The bigger the VM image, the longer it will take to be distributed to the cloud providers and the longer it will take to be started on the infrastructure. As a general rule, always try to make images as smaller as possible following these guidelines:

  • DO NOT include (big) data in your image. There are other mechanisms for accessing data from your VM: block and object storage, or solutions like CVMFS
  • DO NOT include (big) empty space or swap in your image. Extra space for your computation or swap can be added with block storage once the VM is booted or using VM flavors that have extra disk allocated for your VM.
  • DO NOT install un-needed software. Tools like GUI are of no-use on most cases since you will have no access to the graphical console of the VM.
  • DO adjust the size of the images as much as possible. As stated above, empty space can be allocated on runtime easily
  • DO use compressed image formats, like qcow2 or vmdk (used in OVA) to minimize the size of the image
  • DO fill with 0 the empty disk space of your image so when compressed it will be significantly reduced, e.g. using dd if=/dev/zero of=/bigemptyfile bs=4096k; rm -rf /bigemptyfile. Check Compacting a vmdk virtual machine disk format image for more info.

For the disk layout is recommended to use a single partition (no /boot, no swap) and to avoid LVM. This will allow the cloud provider to easily resize your partition when instantiated and to modify files in it if needed.

Contextualization and credentials

Your images should never include any credentials on them. Instead you should use contextualization. cloud-init is a tool that will simplify the contextualization process for you. This is widely available as packages in major OS distributions and is supported by all the providers of the EGI Federated Cloud and most of the commercial providers.
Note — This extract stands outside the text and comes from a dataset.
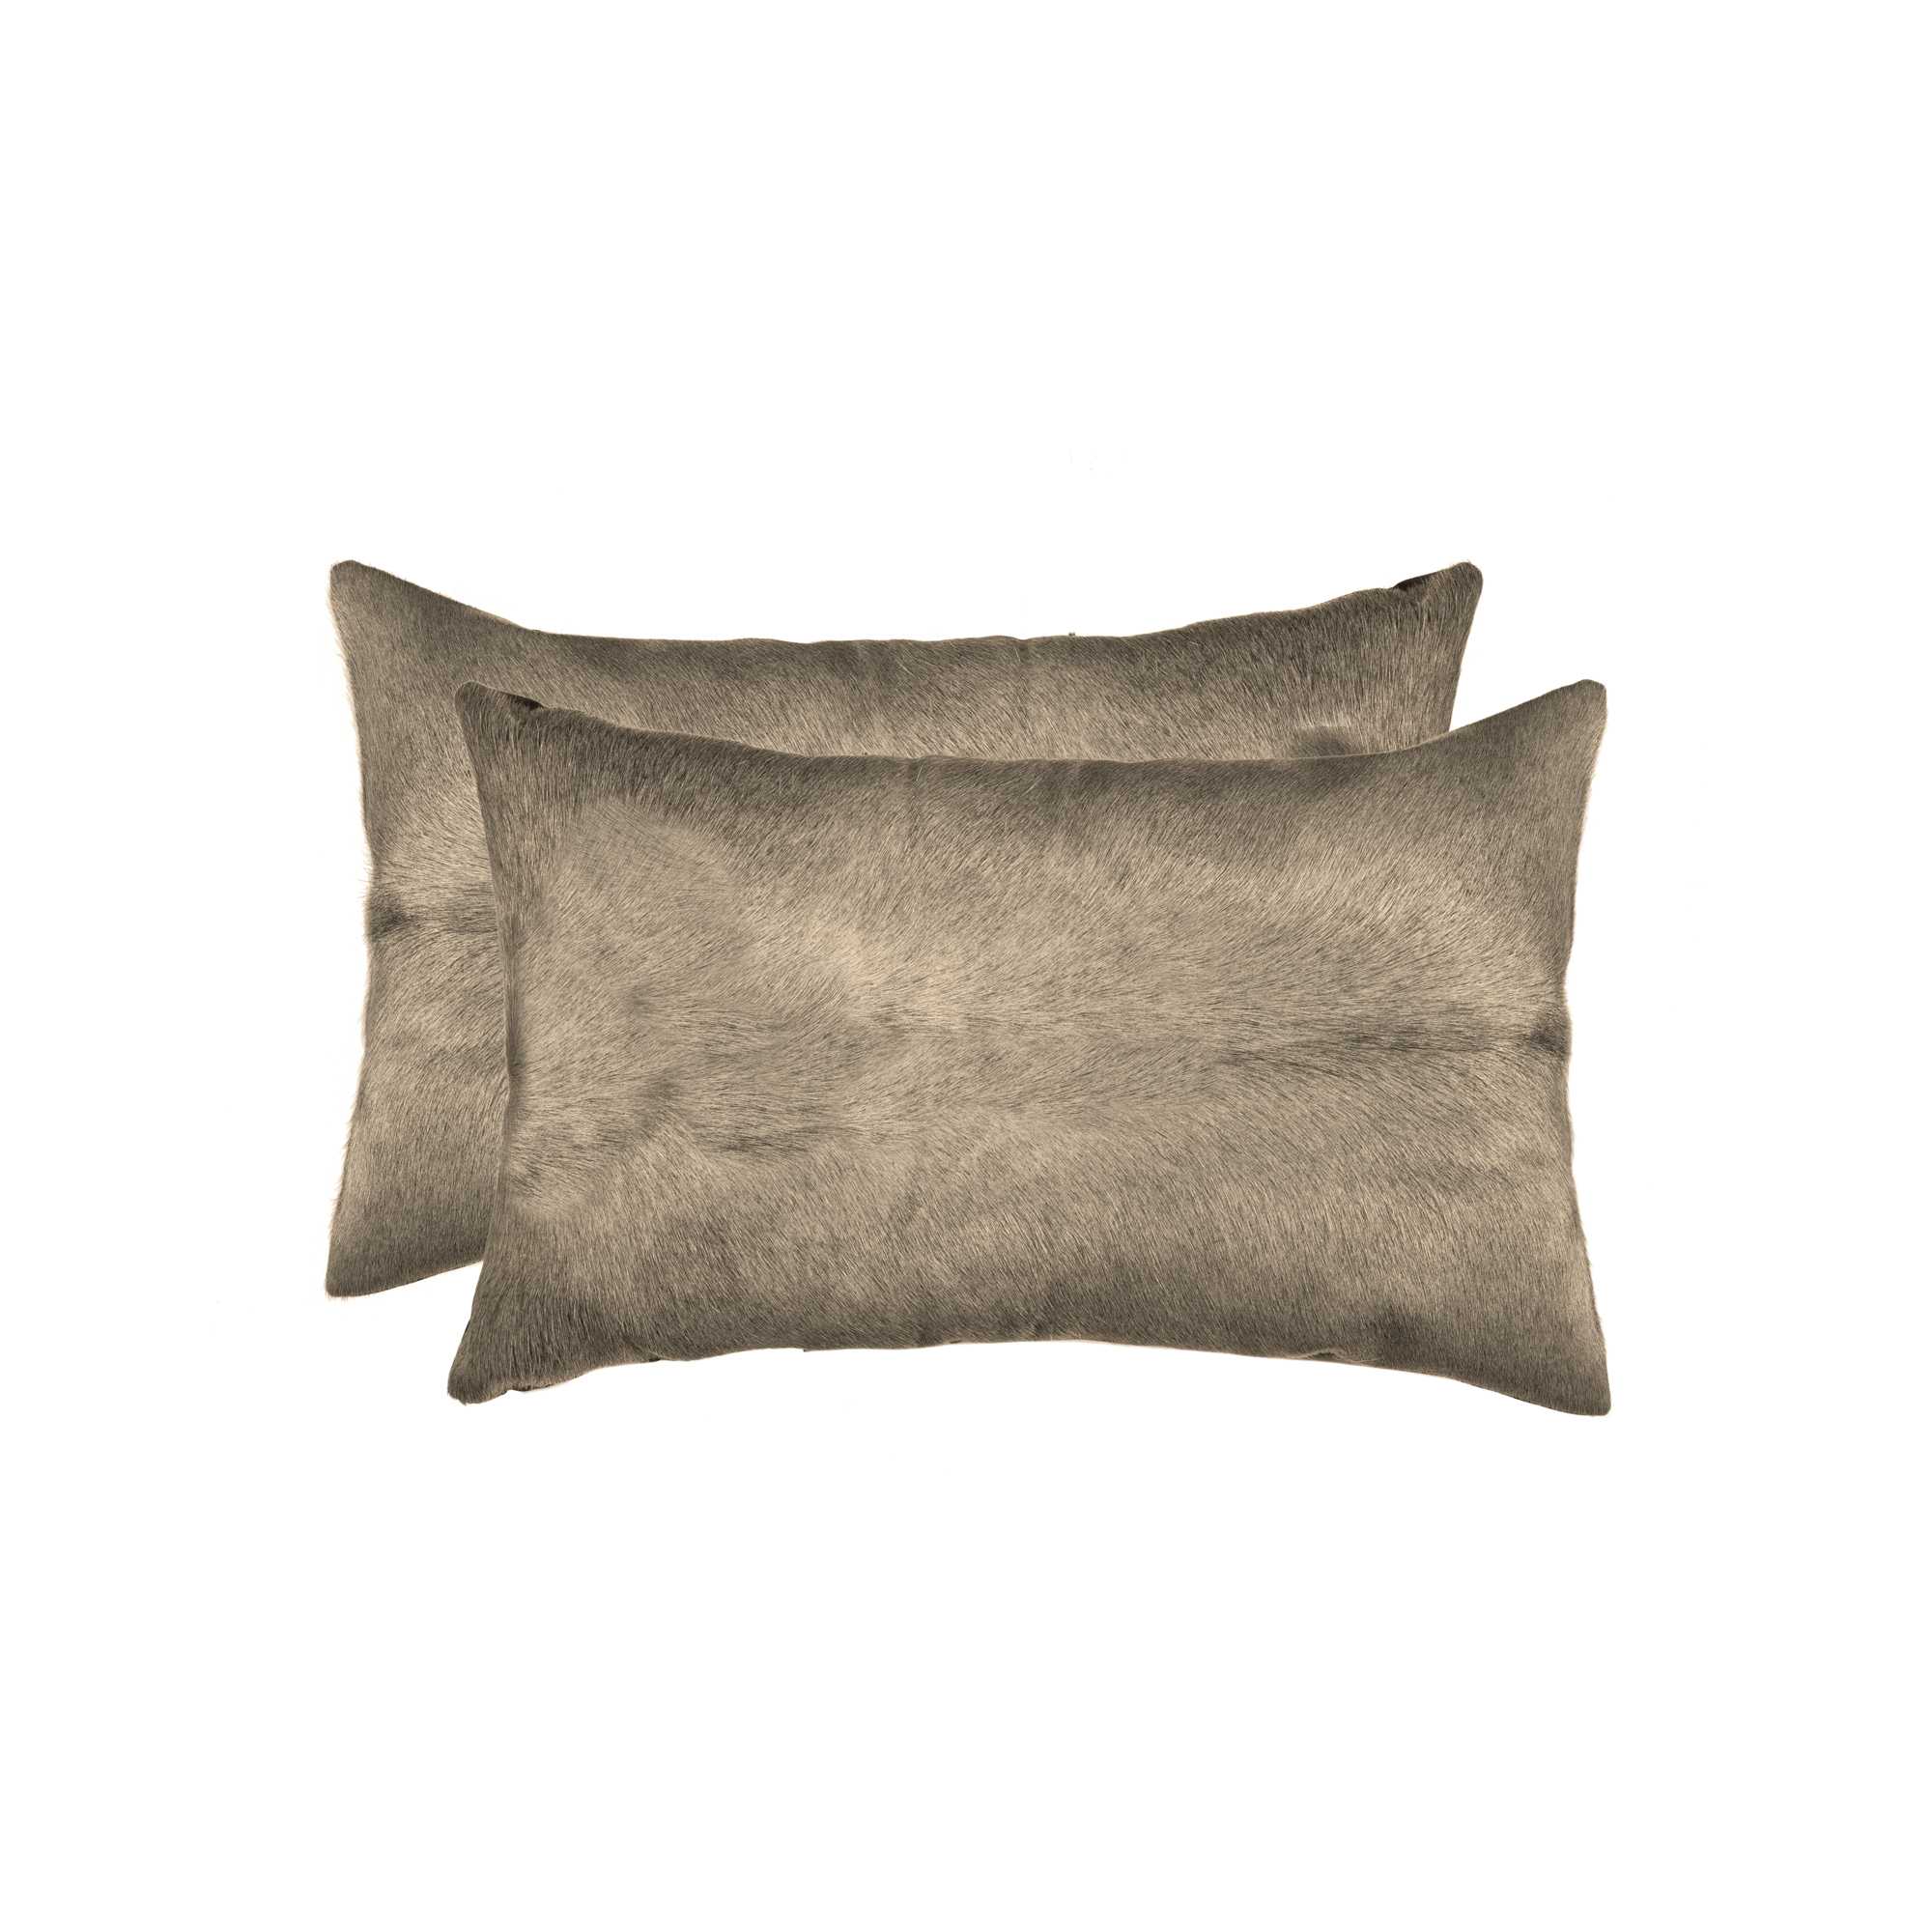 12" x 20" x 5" Taupe, Cowhide - Pillow 2-Pack
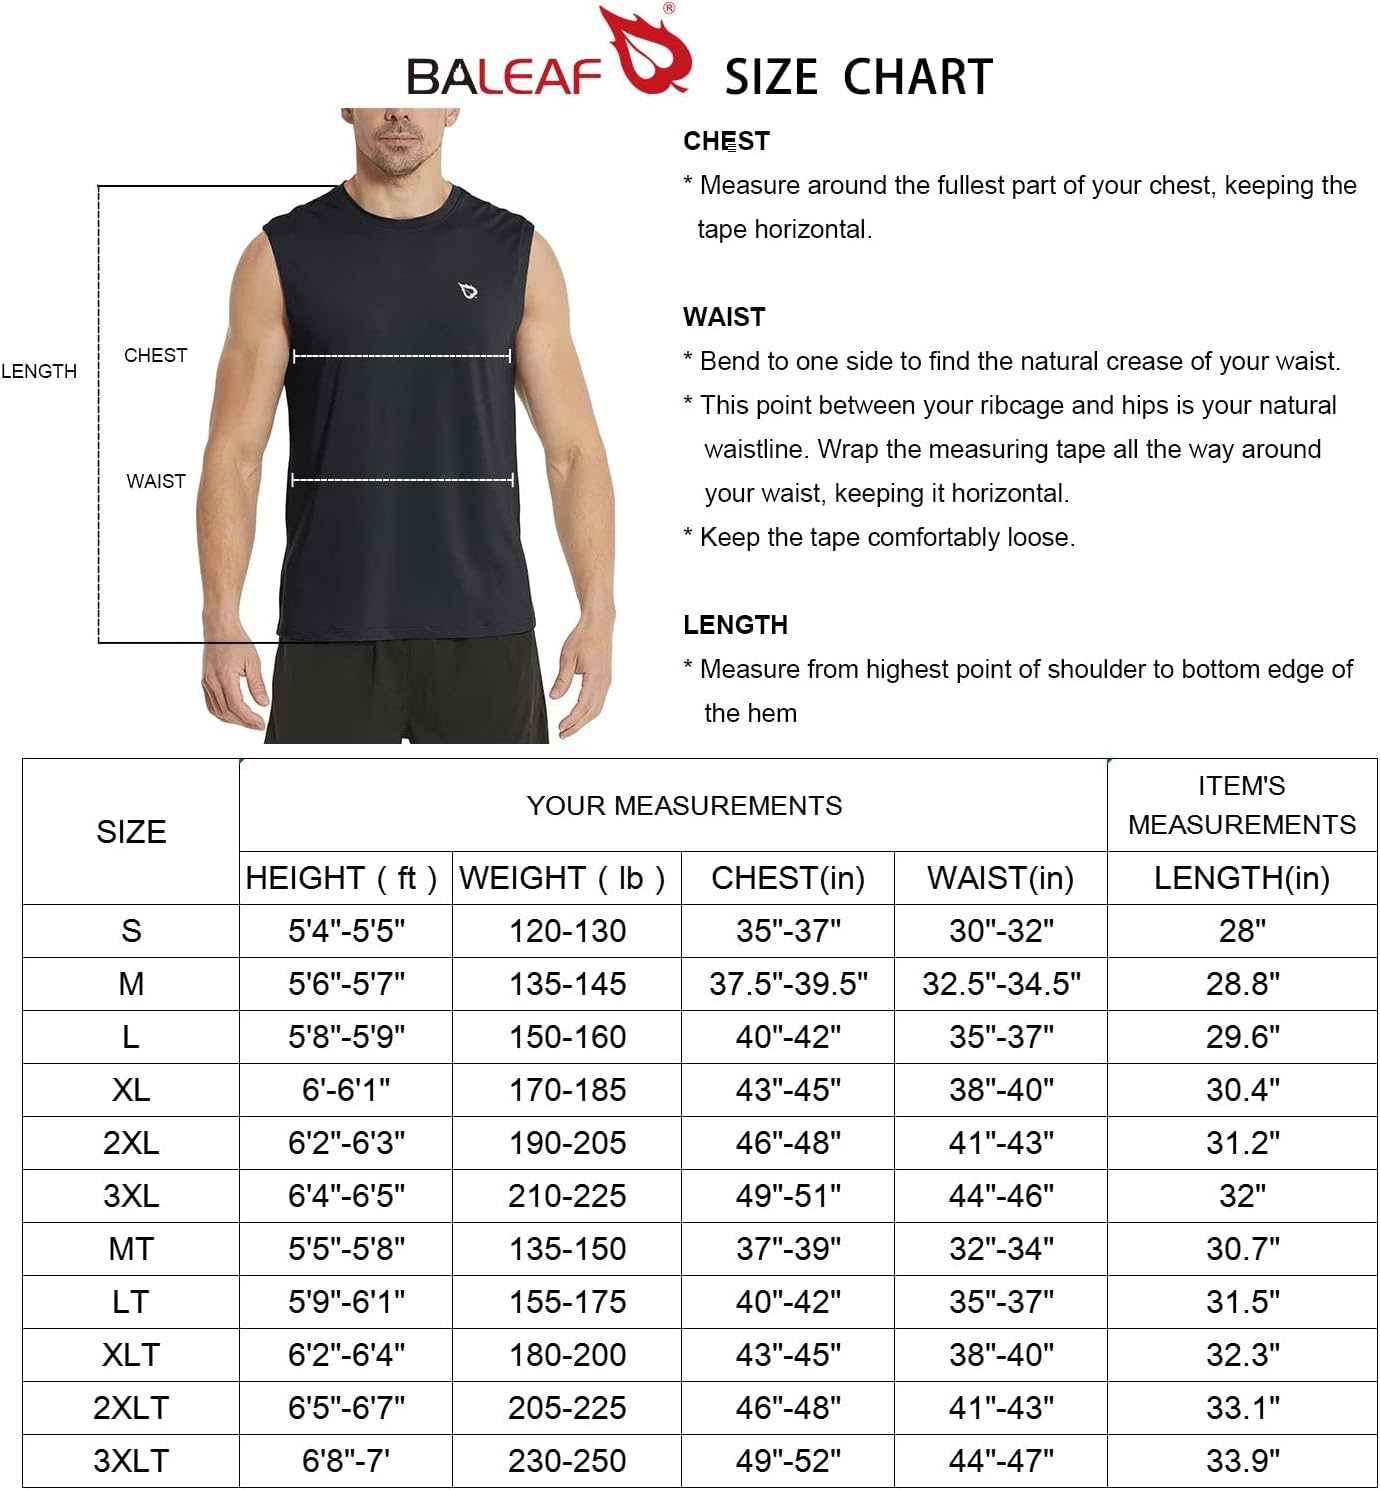 Men's Tank Tops Sleeveless Shirts Gym Workout Running Athletic Quick Dry Tech

cloud-init documentation contains detailed examples on how to create users, run scripts, install packages and several other actions supported by the tool.

For complex setups, specially when applications involve multiple VMs it is recommendable to use cloud-init to bootstrap some Configuration Management Software that will manage the configuration of the VMs during runtime.

Security

  • Always remove all default passwords and accounts from your VM.
  • Disable all services unless necessary for the intended tasks
  • Make sure the firewall config (iptables for Linux, also on IPv6) is minimally open
  • Put no shared credentials (passwords) in any image

You should also follow the best practice guides for each service that's exposed to the outside world. See for example guides for:

The hardening guidelines contain some extra tests that may be useful to run when preparing an image.

Tools

Whenever possible, automate the process of creating your images. This will allow you to:

  • get reproducible results
  • avoid tedious manual installation steps
  • quickly produce updated versions of your images.

EGI uses packer as a tool for automating the creation of our base images. This tool can use VirtualBox as hypervisor for the creation of the images and guarantees identical results under different platforms and providers.

Check the VMI-endorsement github repo with all the packer recipes used to build our images and re-use them as needed for your images.